Schumann, Robert

Symphonies 1-4

Rubrik: CDs
Verlag/Label: cpo 777 536-2 (SACD)
erschienen in: das Orchester 03/2011 , Seite 70

Bei aller Wertschätzung Schumanns hält sich, was die Orchestermusik angeht, beharrlich der Vorwurf einer mängelbehafteten Instrumenta­tion. Und angesichts Frank Beermanns neuer Gesamteinspielung der vier Schumann-Sinfonien möchte man meinen, er habe es geradezu darauf angelegt, die Schwächen von Schumanns Orchestersatz zu dokumentieren. Schon das einleitende „Andante un poco maestoso“ des Kopfsatzes von Schumanns Erstling, der Sinfonie B-Dur op. 38, bringt eine unnötig auf-gequollene Massivität ins Spiel, die alle Durchsichtigkeit vermissen lässt. Auf der anderen Seite eignet den dynamisch zurückgenommenen Passagen, wenn auch recht durchsichtig gehalten, etwas seltsam Gekünsteltes, so mechanisch starr wird hier auf metrische Präzision geachtet.
Frank Beermanns gestalterischer Ansatz zielt auf äußerste Genauigkeit, auch wenn ihm das mit der Robert-Schumann-Philharmonie nicht immer völlig passgenau gelingt, doch solch gestanzter Prägnanz geht bedauerlicherweise öfters ein Stück weit die Beseeltheit verloren. Das Larghetto der B-Dur-Sinfonie darf nicht frei ausschwingen, das Scherzo zeigt wenig Schwärmerisches und Mitreißendes. Und das Finale verwaltet Frank Beermann ohne jede Notwendigkeit wie ein Schaustück eines maschinellen Prozesses.
Auch in der zweiten, der C-Dur-Sinfonie op. 68, geht deren langsamer Einleitung des Kopfsatzes (Sostenuto assai) das ihr innewohnende Mysterium weitgehend ab, die Einleitung führt nicht hin zum nachfolgenden Allegro ma non troppo, sondern ist diesem gewissermaßen nur vorgeschaltet.

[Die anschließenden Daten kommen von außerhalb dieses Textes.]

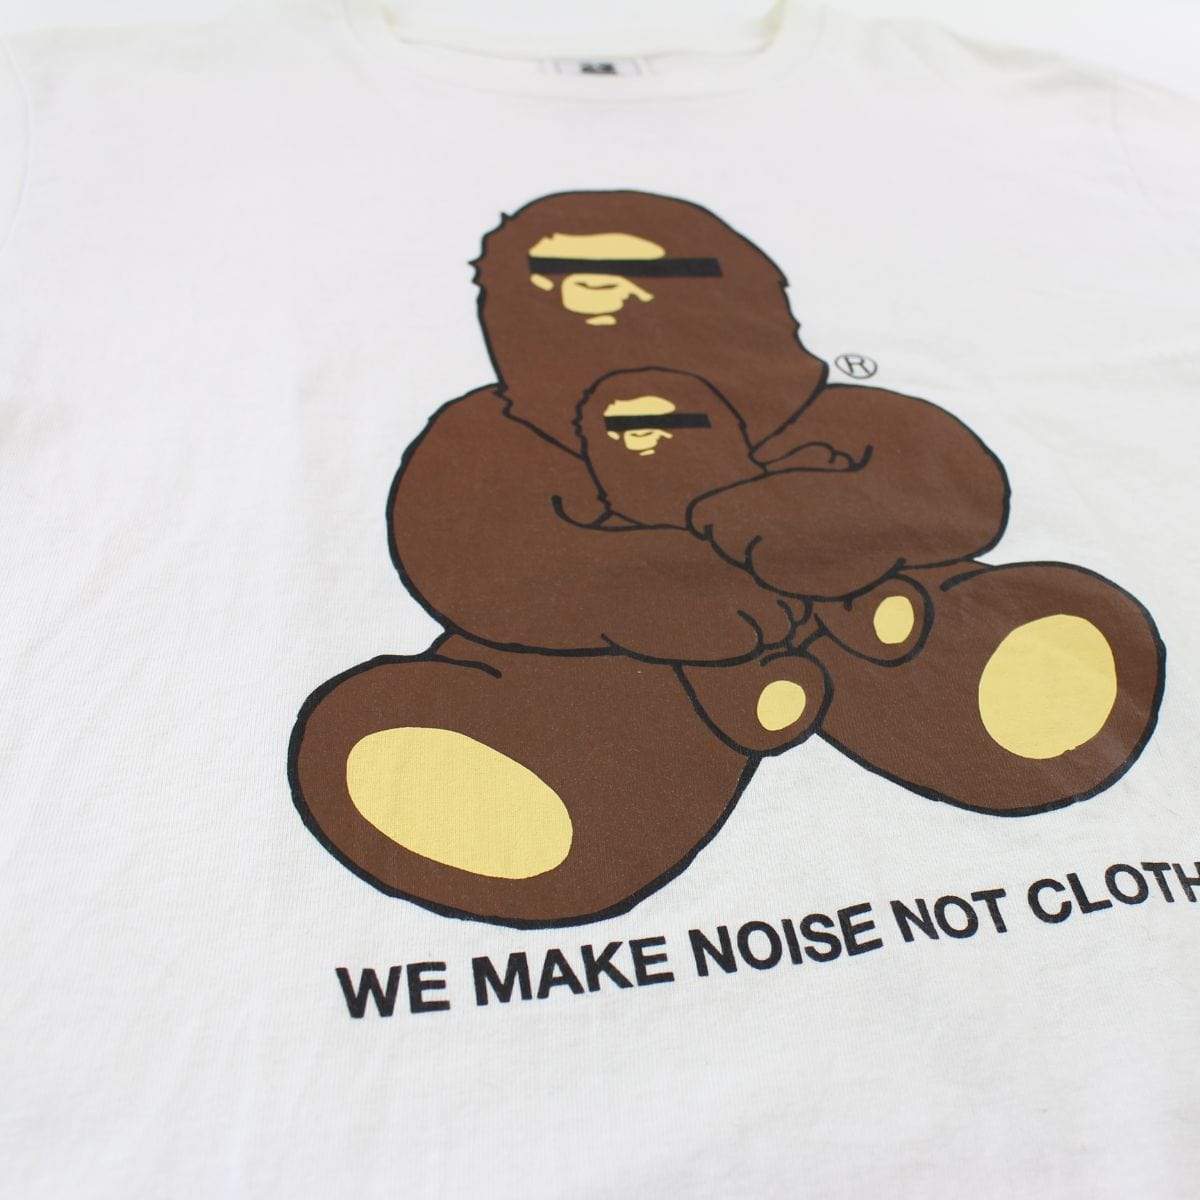 Bape We Make Noise Not Clothes Tee White - SaruGeneral

Und von der Fantastik und der Emphase, die dem Satz zueigen ist, hört man so gut wie nichts, da Frank Beermann hier mit seinem Anliegen eines präzisen Zusammenhalts ein wenig den Blick aufs Ganze verliert. Das Trio des Scherzo verflüchtigt sich in höchstem Tempo zu ausdrucksloser Mechanik und Schumanns kontrapunktische Satzkünste verarmen im Adagio espressivo zu einem nüchternen Studiencharakter.
Die Sinfonien B-Dur und C-Dur waren in einer jüngeren Aufnahmesitzung im Februar 2010 eingespielt worden, die beiden anderen sind bereits im Oktober 2009 aufgenommen worden. Und diese beiden, die Es-Dur-Sinfonie op. 97 und die d-Moll-Sinfonie op. 120, lassen die ein wenig ältere Sichtweise Frank Beermanns auf Robert Schumann in einem vergleichsweise etwas günstigeren Licht erscheinen. Zwar ist dem Dirigenten bereits hier – so etwa im Kopfsatz der Es-Dur-Sinfonie – anzulasten, dass sein Elan sehr berechnend daherkommt, doch die kritischen Einwürfe halten sich noch im Rahmen, wenn man sich etwa im „feierlichen“ vierten Satz des Werks mehr Kontrastschärfe und weniger Nivellierung der archaischen Kraft der Satzmuster des Alten Stils gewünscht hätte. Doch schon in der d-Moll-Sinfonie zeichnet sich in vielfältiger Weise ab, worauf Beermann hinarbeitet, eine locker erscheinen wollende, ausdrucksmäßig versachlichte und schneidig gehaltene Prägnanz, der das Moment emotionaler Wärme leider allzu oft abhanden kommt.